C) Lab Tests: Given that we are traveling full time, we decided to get a routine check up from a doctor in Panama. We visited a doctor and went to the lab to run our test results. We were so surprised the lab was a state-of-the-art facility that could rival anywhere we have seen in the western world. Additionally, our doctor scheduled a free results discussion with each of us. In fact, our test results were emailed to us by the clinic within 3 hours of our visit. We paid $100 for this service, which we know is inexpensive for any non-health care patient in Canada or the United States.
D) New Glasses and Eye Examinations: Troy received a full eye exam and updated the lenses for his glasses in Panama. With his basic Spanish, he was able to confirm his needs. Eye readings are universal, so this was easier than we anticipated. He paid $90 U.S. for updated lenses. We believe that if we shopped around, we could have received the same service at an even lower price.

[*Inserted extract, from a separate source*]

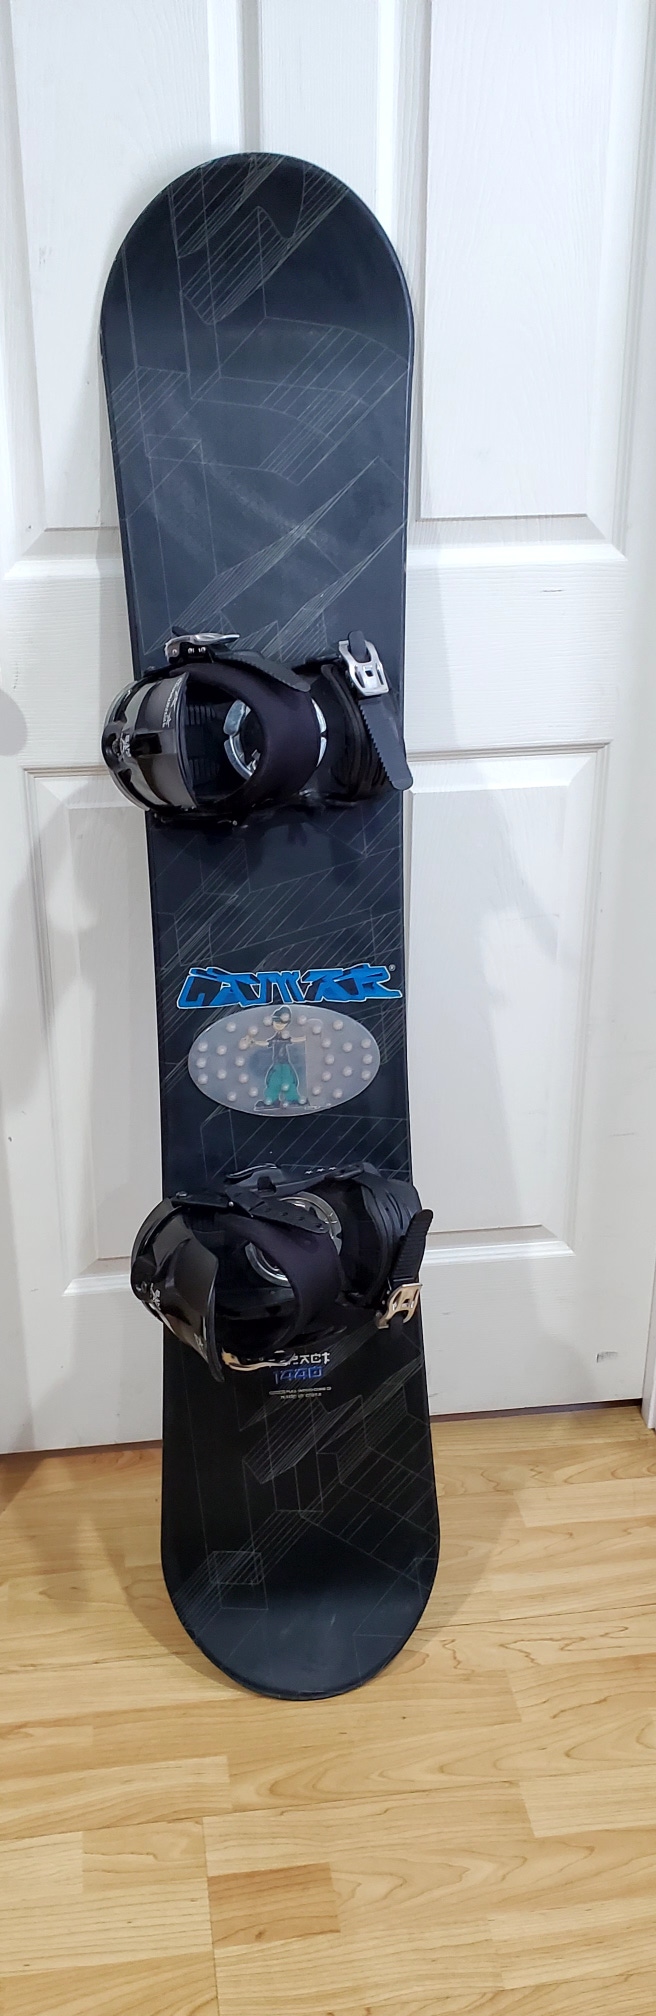 Used Men's Impact 144cm Snowboard Flat freestyle With Bindings reflect adjustable s-m 5-8 true Twin

E) Drug prescriptions: In several countries, pharmacists can administer drugs without a prescription. Taking the same Google translate tactics we did during our medical visit, it was possible to get help for various ailments despite the language barrier. We have used this tactic in Colombia, Vietnam, Indonesia, and Thailand. It may also be quite shocking how low the cost of medicine is in other countries. To find your current prescriptions, this is a little trickier. Often drugs have different brand names but are copied from the original product (generic brands). I encountered this situation in Vietnam. I was given medications I wasn’t familiar with. So I researched online to discover more details about the product, the dosage, and other information. I was able to confirm that what I was taking was truly for what was ailing me. After that research, I felt more comfortable. Doing this research gave me peace of mind when I needed validation.
So, healthcare needs while traveling can never be planned, but with a little bit of research, it is possible to take the risk, for the sake of your health.
If you don’t have your health, how can you live a more fulfilling life?
Have you been surprised by a positive medical or dental experience in a foreign country? We’d love to hear about it.